SUPPLIED INFORMATION

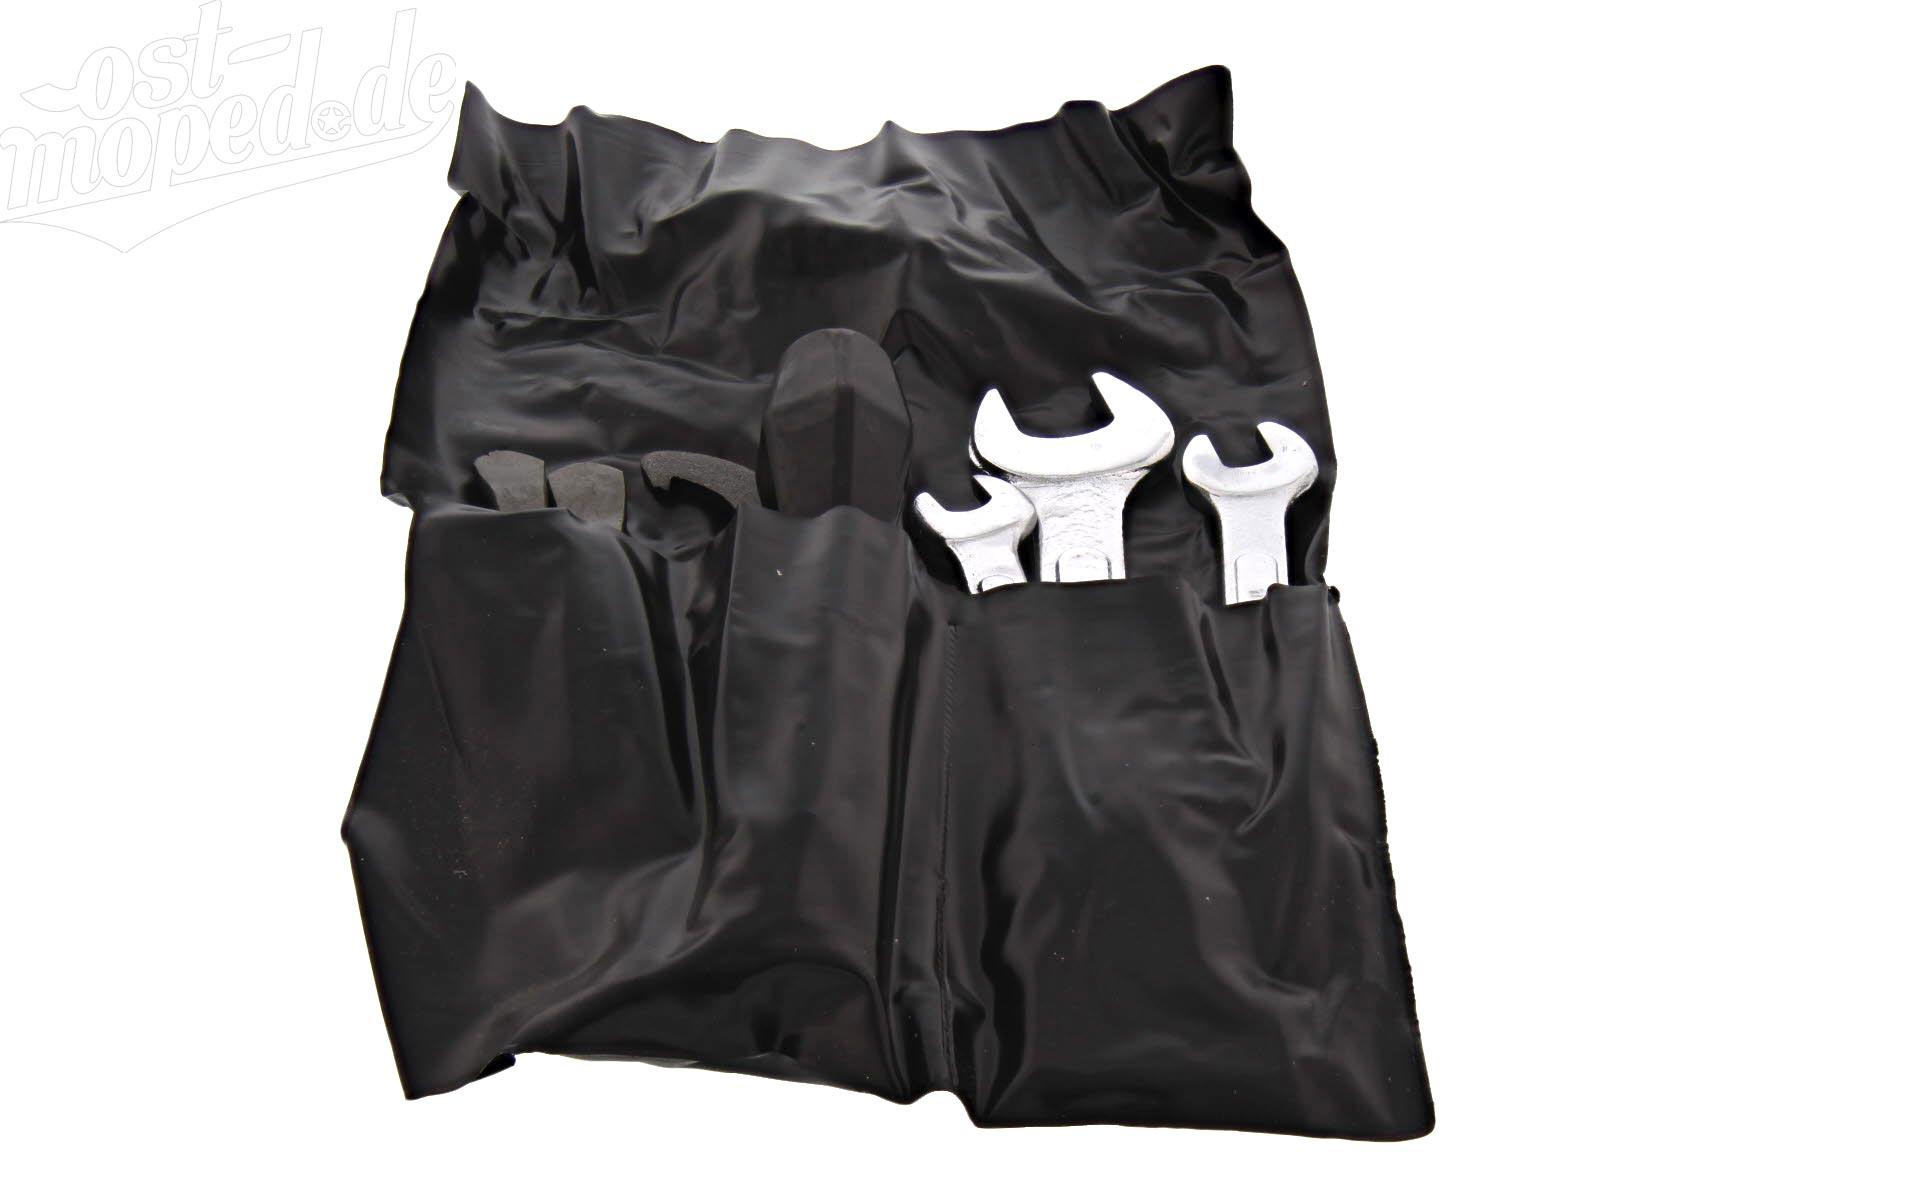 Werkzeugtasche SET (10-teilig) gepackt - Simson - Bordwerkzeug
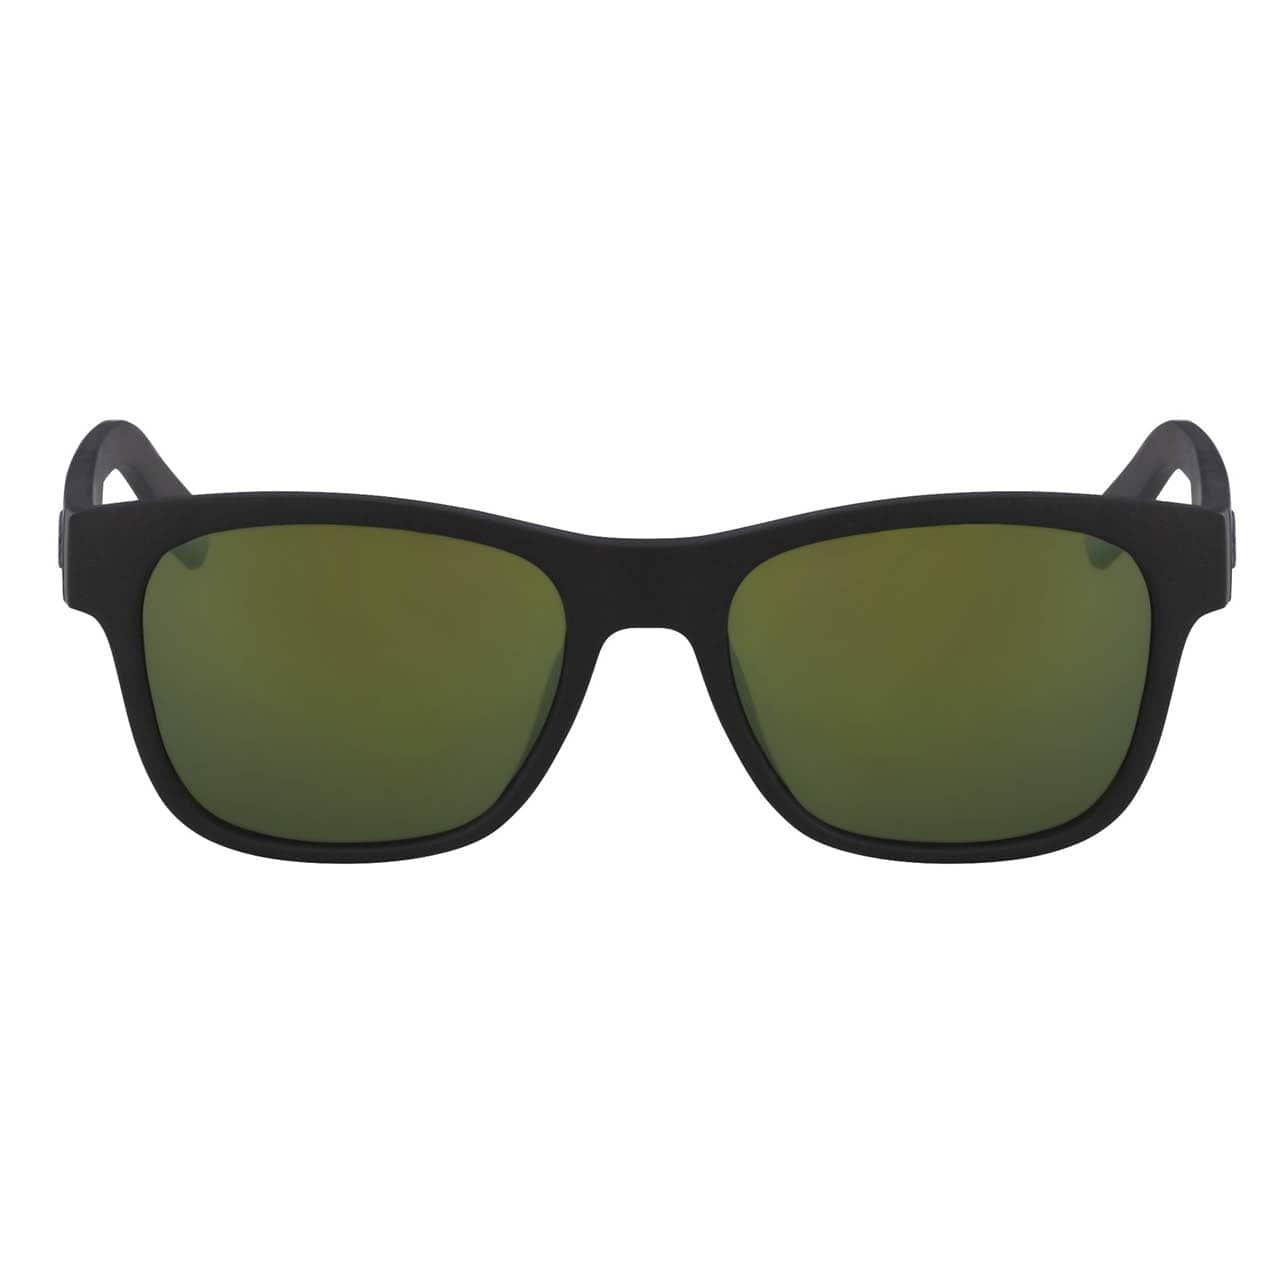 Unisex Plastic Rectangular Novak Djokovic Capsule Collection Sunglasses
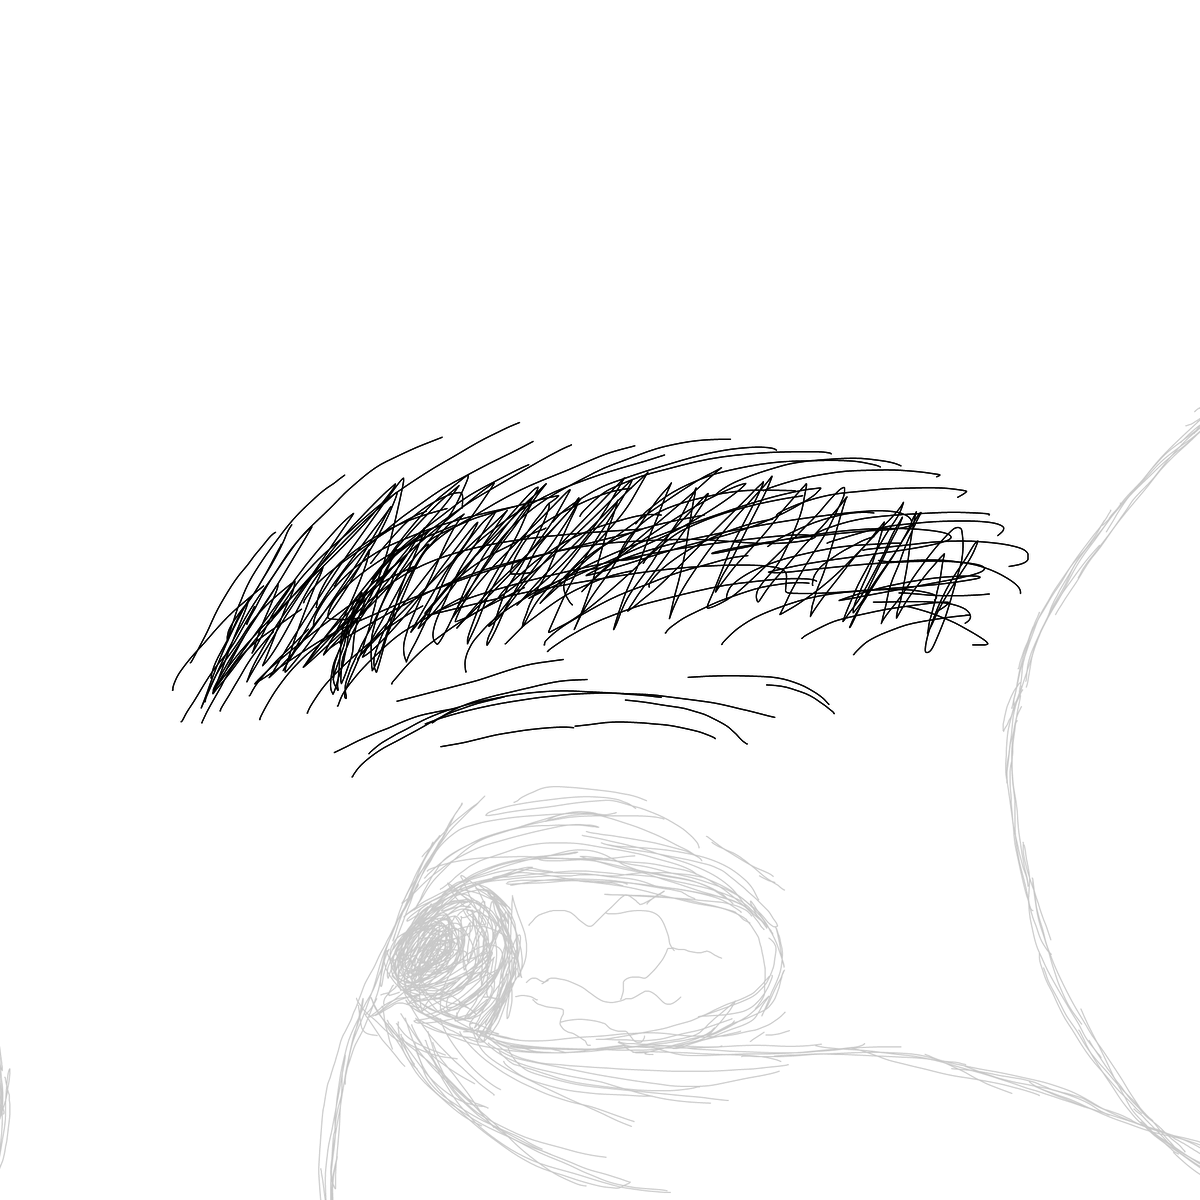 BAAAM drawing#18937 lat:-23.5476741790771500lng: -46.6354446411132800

REQUIRED WORK
I would like the data above transcribed exactly, with its pictures left out.

ANSWER TO THE EXERCISE
 Werkzeugtasche SET (10-teilig) gepackt - Simson - Bordwerkzeug
 Unisex Plastic Rectangular Novak Djokovic Capsule Collection Sunglasses
 BAAAM drawing#18937 lat:-23.5476741790771500lng: -46.6354446411132800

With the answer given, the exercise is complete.